-- DATASET EXTRACT follows --
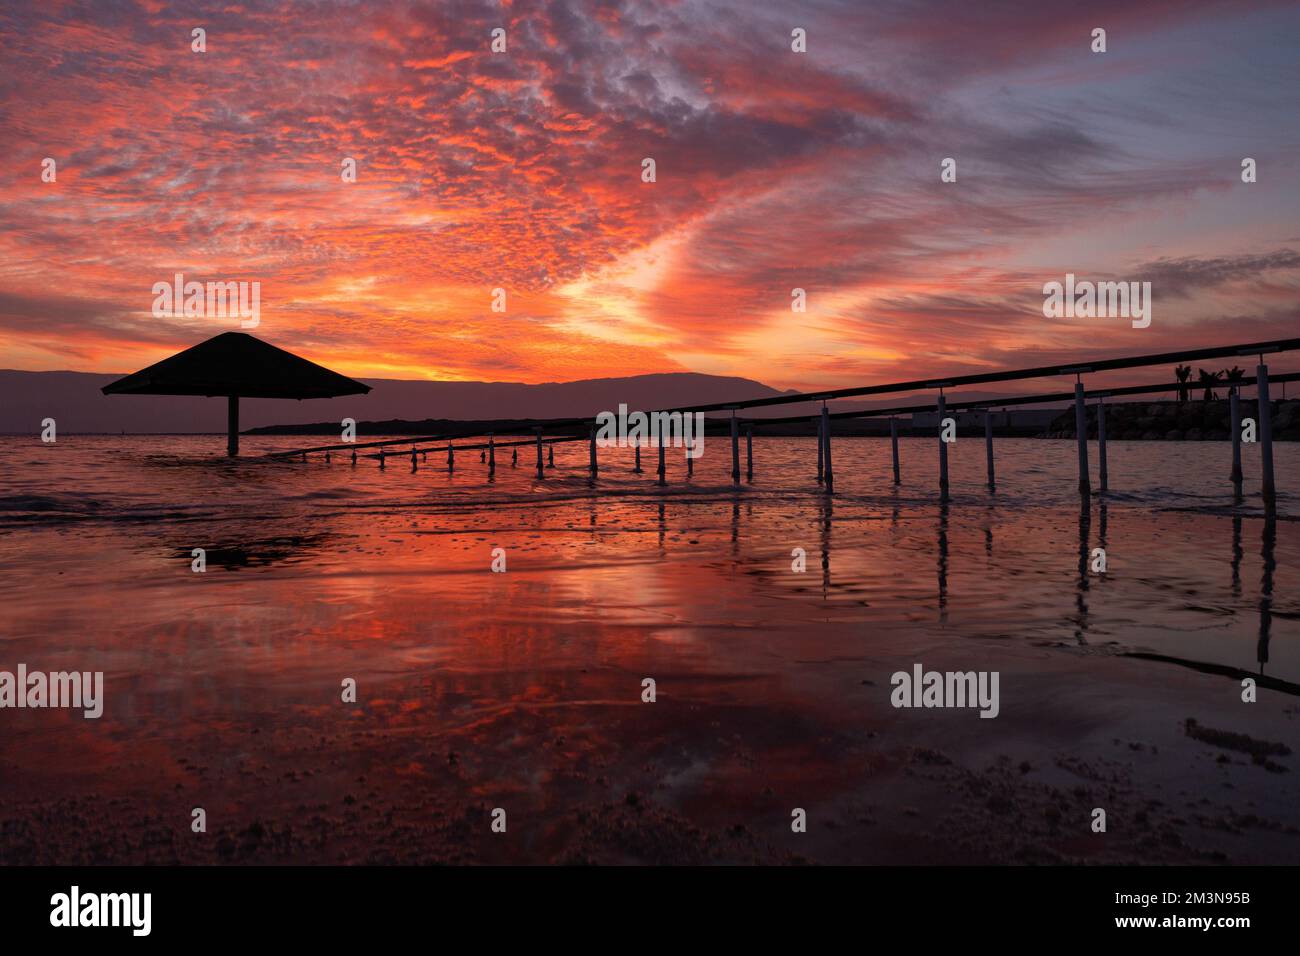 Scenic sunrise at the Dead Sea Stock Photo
-- DATASET EXTRACT concluded --
-- DATASET EXTRACT follows --
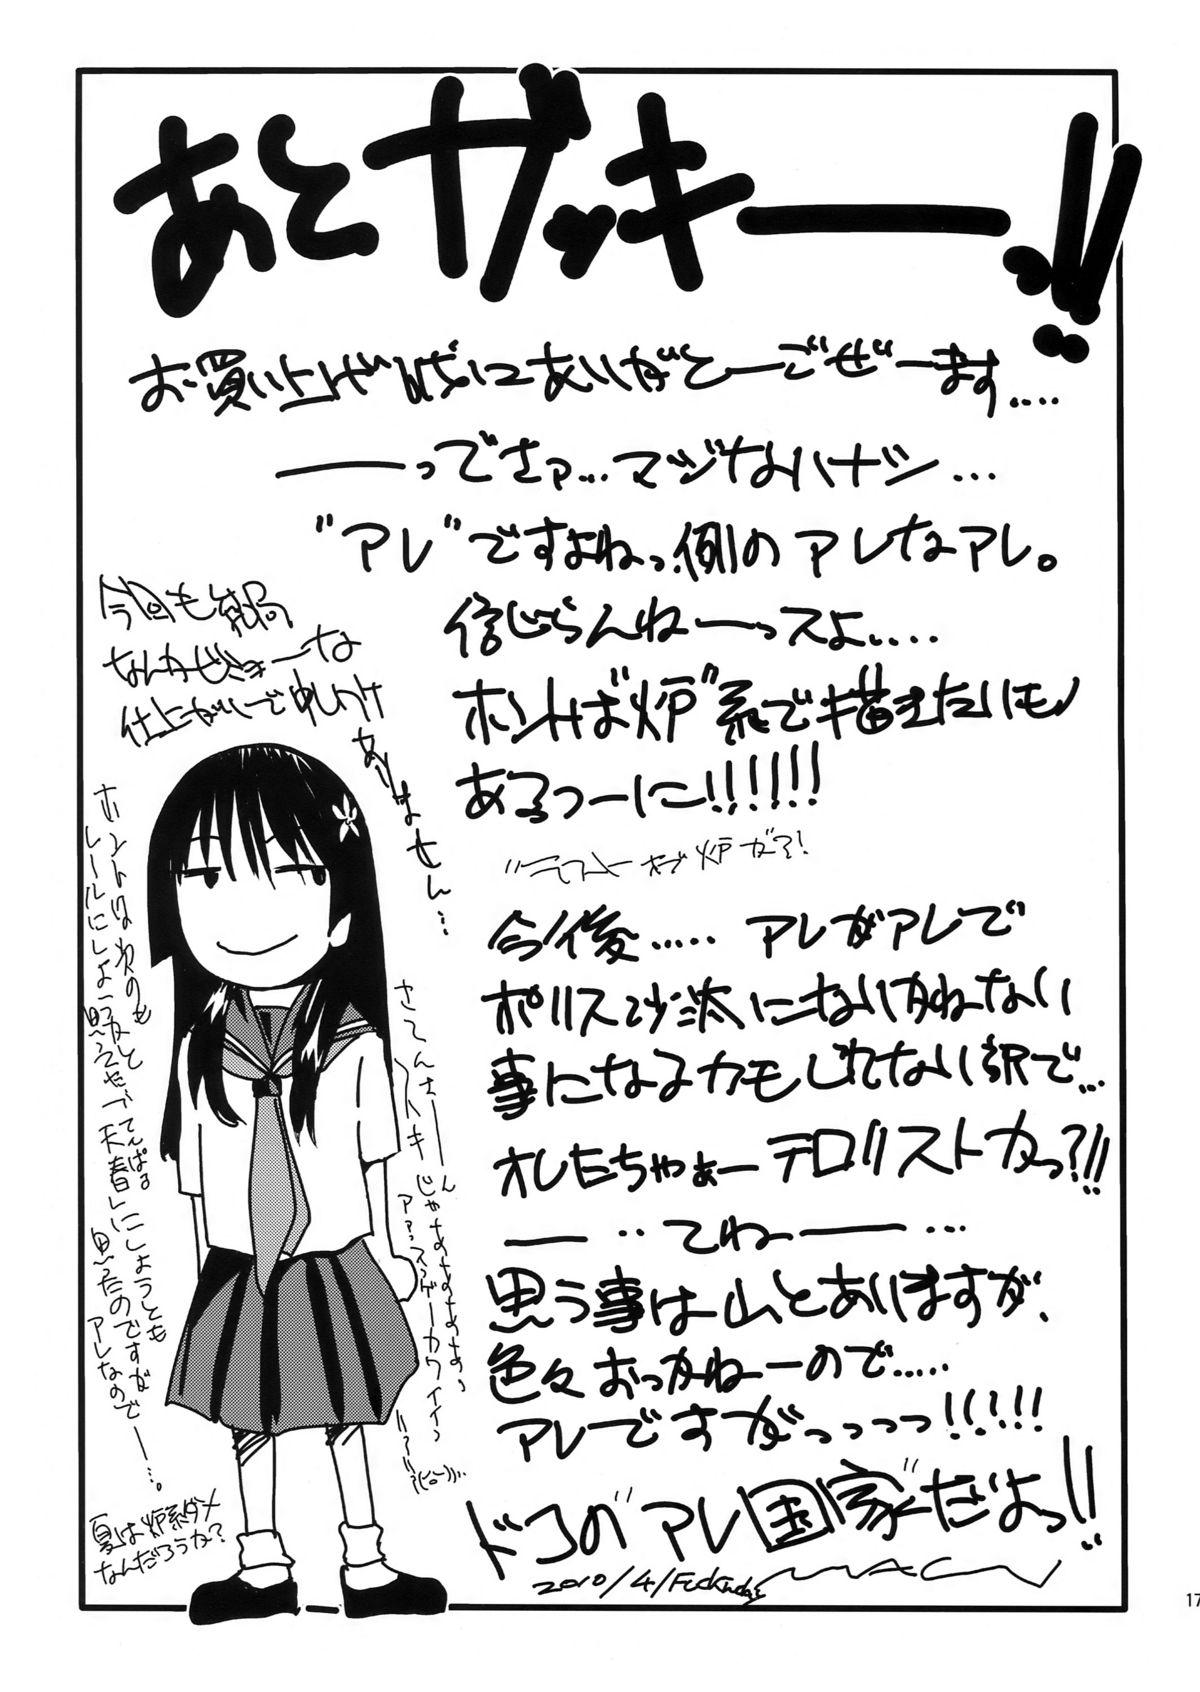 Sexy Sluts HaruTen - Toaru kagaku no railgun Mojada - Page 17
-- DATASET EXTRACT concluded --
-- DATASET EXTRACT follows --
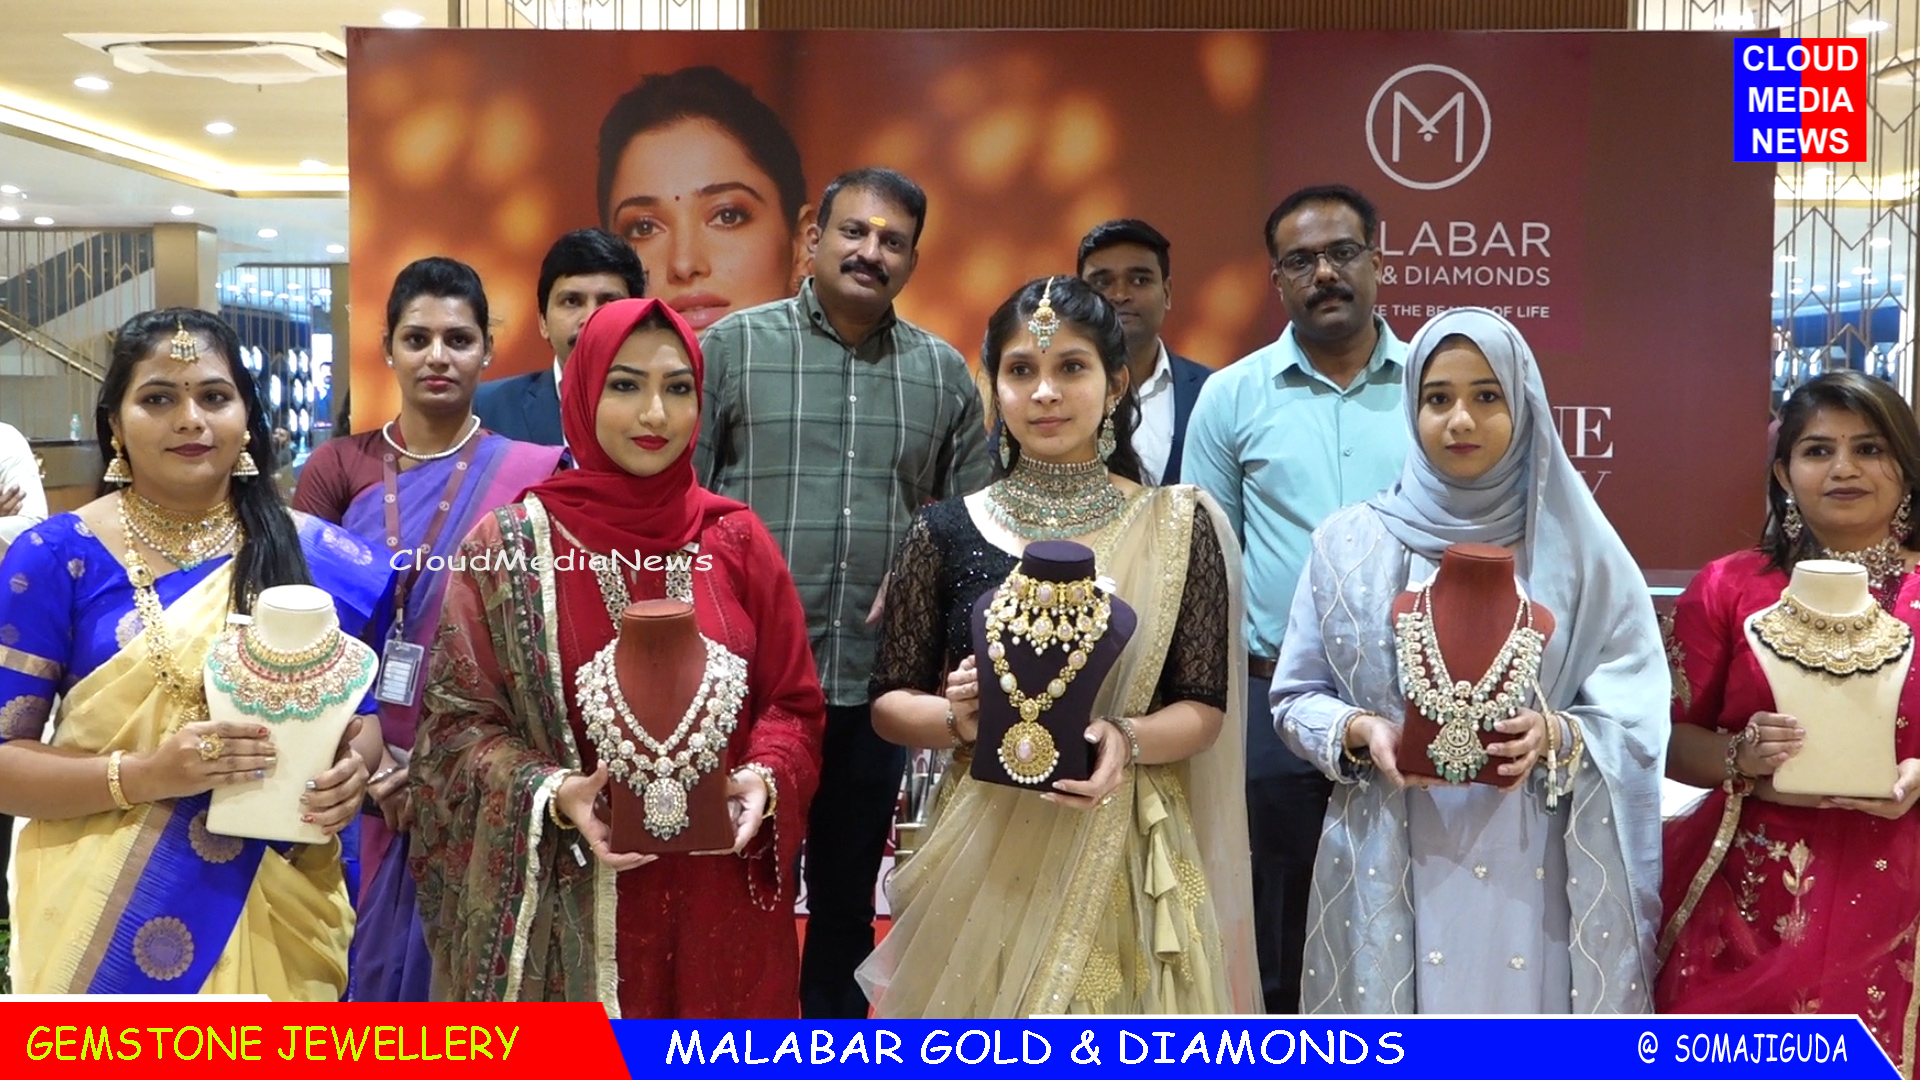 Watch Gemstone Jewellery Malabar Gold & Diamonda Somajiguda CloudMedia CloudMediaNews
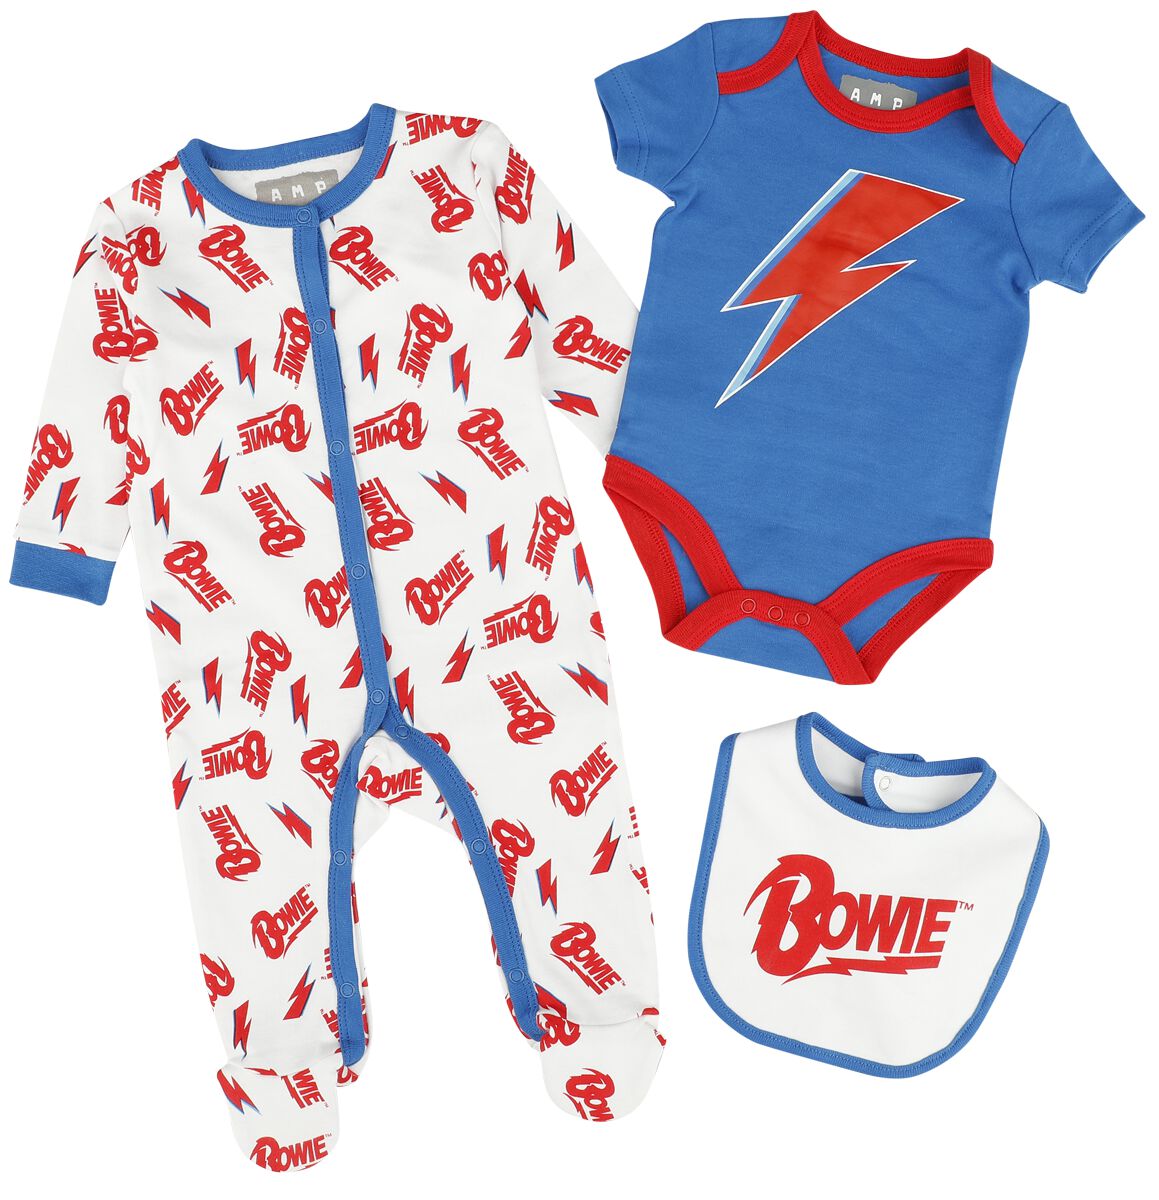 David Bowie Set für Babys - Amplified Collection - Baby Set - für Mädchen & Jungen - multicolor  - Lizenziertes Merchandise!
-- DATASET EXTRACT concluded --
TO DO —
Quote word for word only the lines above from the one containing "Watch Gemstone Jewellery" through the one containing "David Bowie Set". Pictures stay out of your copy.

WRITTEN ANSWER —
 Watch Gemstone Jewellery Malabar Gold & Diamonda Somajiguda CloudMedia CloudMediaNews
 David Bowie Set für Babys - Amplified Collection - Baby Set - für Mädchen & Jungen - multicolor  - Lizenziertes Merchandise!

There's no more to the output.